Они поняли и бросились к пещере, а я тем временем продолжал копьем сталкивать ягуара вниз. Притащили камни. Двумя руками я занес над головой обломок величиной в три кирпича и, старательно прицелившись, изо всех сил метнул его в голову ягуара. Зверь издал глухой стон и, оглушенный, свалился на дно ямы. Вслед за первым полетел второй камень. Но, к нашему изумлению, зверь тут же пришел в себя, снова вскочил и стал бесноваться с прежней силой. Его живучесть вселила в нас такой ужас, что, остолбенев, мы на минуту замерли. Однако времени на переживания не оставалось. Ягуар разрыл стены настолько, что вот-вот мог выскочить из ямы. События развивались с молниеносной быстротой. В следующее мгновение должна была наступить развязка. Оставалось еще одно-единственное средство: огонь.
— Вагура! — крикнул я. — Разводи большой костер! Здесь, на самом краю!
Куча сухих ветвей вспыхнула мгновенно, и высоко вверх взметнулись языки пламени.
— Мало, давай больше! — подгонял я. — Подбрасывай еще хвороста! Арнак, помогай!
С ожесточением человека, отстаивающего свое право на жизнь, смотрел я на своего грозного врага. Ему приходил конец. Он выстоял против наших стрел, копий и камней, но перед силой огня ему не устоять!
Общими усилиями мы столкнули в яму громадный пылающий костер. Огонь накрыл дно ямы вместе с ягуаром. Оглушительный рев.
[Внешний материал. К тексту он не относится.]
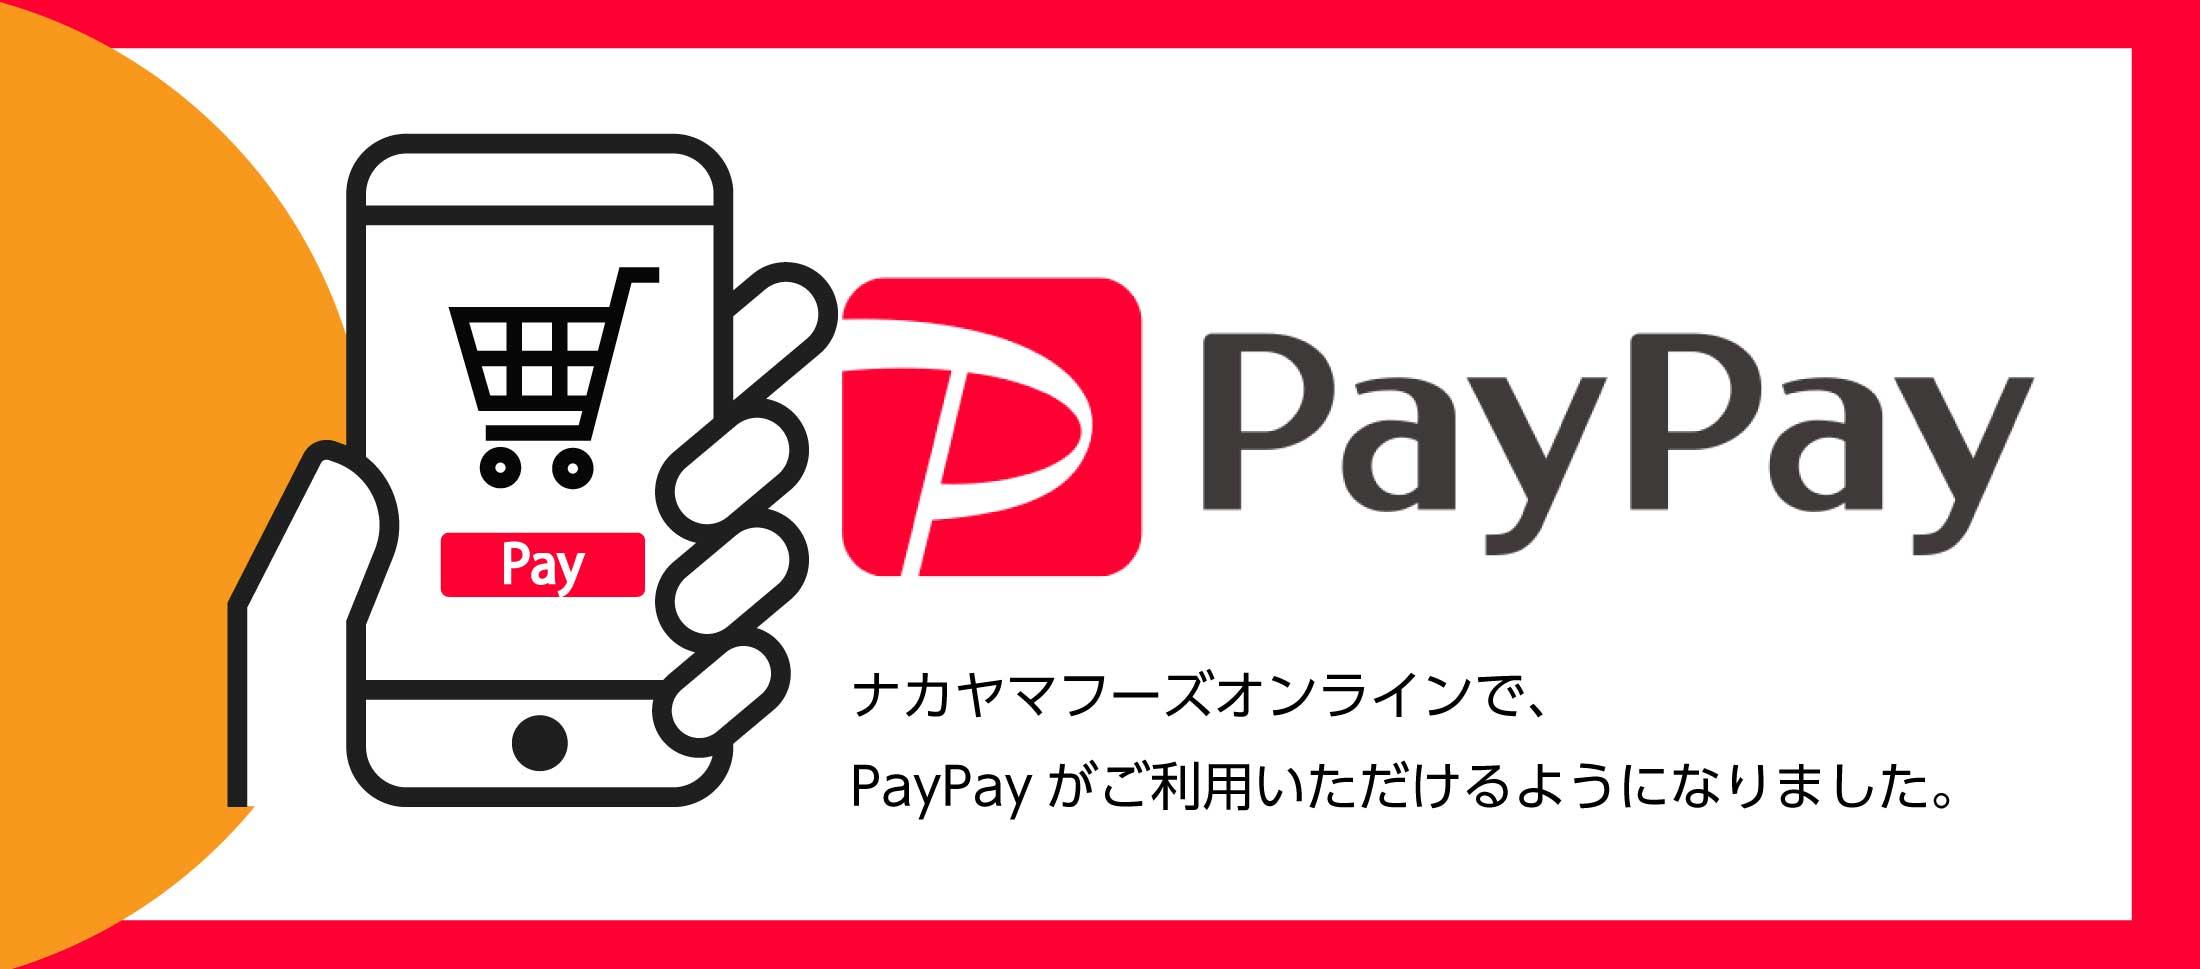 PayPay電子決済 ご利用 業務用食品・冷凍食品おすすめ 業務用食品・冷凍食品の通販 |ナカヤマフーズ
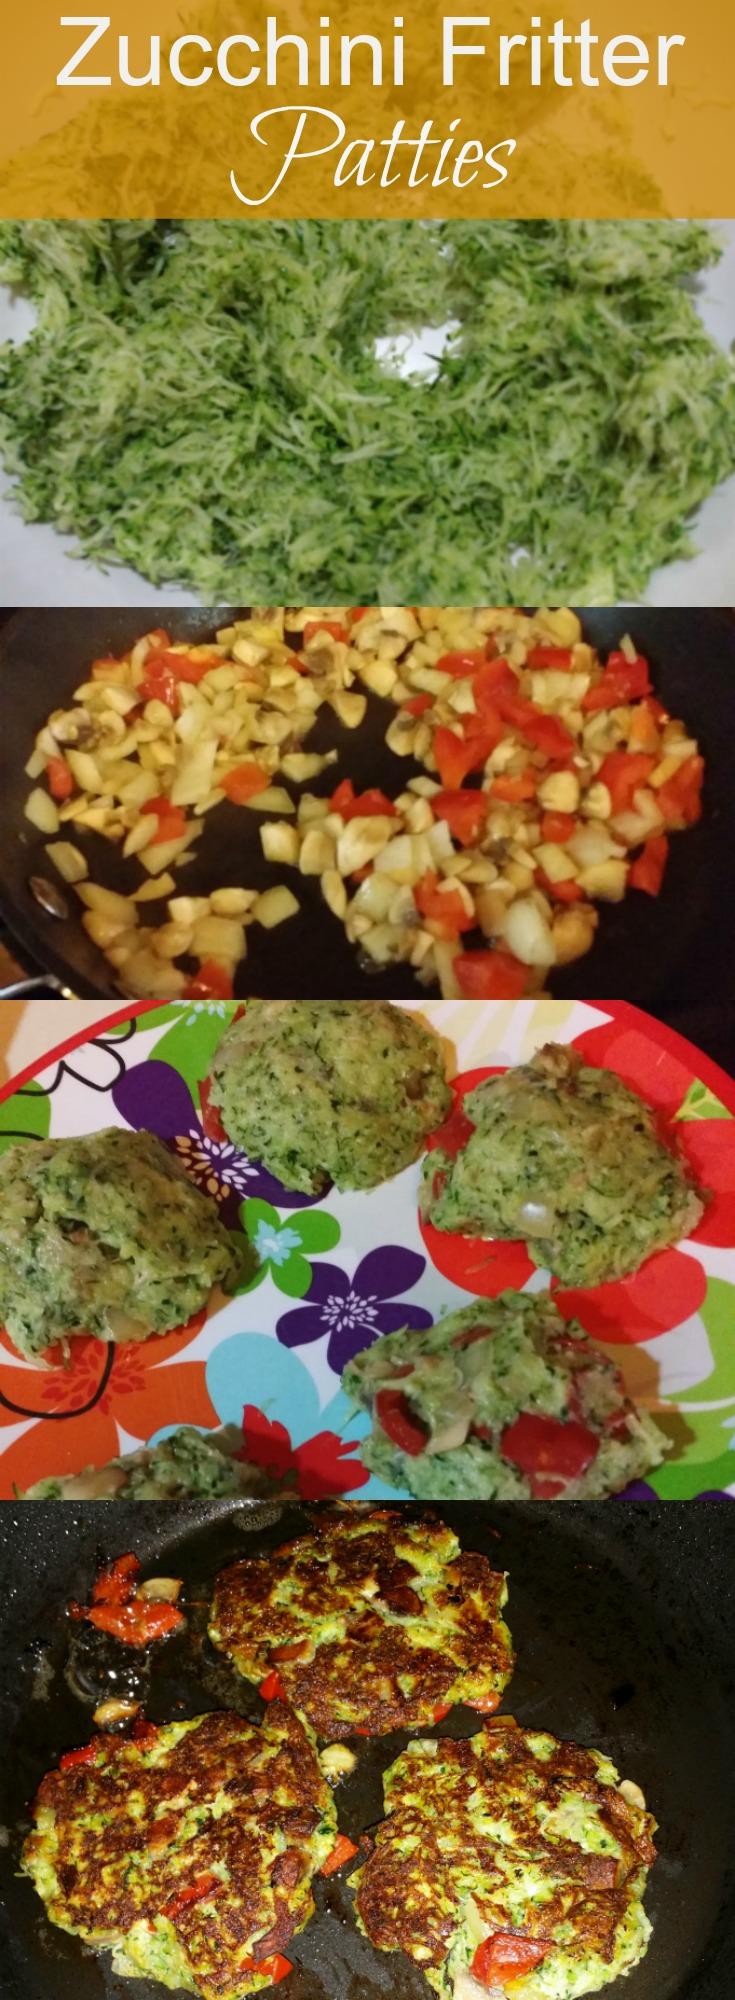 Zucchini Fritter Patties Recipe

Хищник пружиной взвился вверх в головокружительном прыжке и… уцепился передними лапами за кромку ямы. Я подскочил и вонзил ему в затылок копье, стремясь сбросить его обратно вниз. Но огонь пробудил в звере бешеную силу. Я не смог его удержать, и, прежде чем Арнак и Вагура успели подбежать ко мне на помощь, ягуар выскочил из ямы.
Все остальное произошло в одно мгновение: ягуар вышиб из моих рук копье, одним ударом лапы свалил меня на землю и придавил всей тяжестью своего тела. Безотчетно я выставил вверх левую руку, пытаясь прикрыть горло и лицо от его клыков. Он захватил мою руку своей страшной пастью и сжал челюсти. Теряя сознание, я увидел, как Арнак с размаху всадил ему в бок копье и столкнул с меня. Я видел еще, как зверь прыгнул на Арнака. Потом меня окутала тьма, и я потерял сознание.
ДРУЖБА КРЕПНЕТ
Восхитительная музыка ласкает мой слух. В эту мелодию вплетается веселое щебетанье птиц. Вслед за тем баюкающий лепет не то ласкового моря, не то теплого ветерка, напоенного ароматом цветов. Роятся краски, возникают какие-то неясные образы, становясь все яснее, все отчетливее, пока постепенно у меня не раскрываются веки. Раскрываются на один лишь миг, но достаточный, чтобы содрогнуться: прямо передо мной страшное тело ягуара. Преодолев режущий свет солнечного дня, я все-таки вновь открываю глаза и убеждаюсь: то не был сонный мираж. Ягуар, а точнее, его шкура висела распятой у входа в пещеру, между двумя агавами, просыхая на солнце.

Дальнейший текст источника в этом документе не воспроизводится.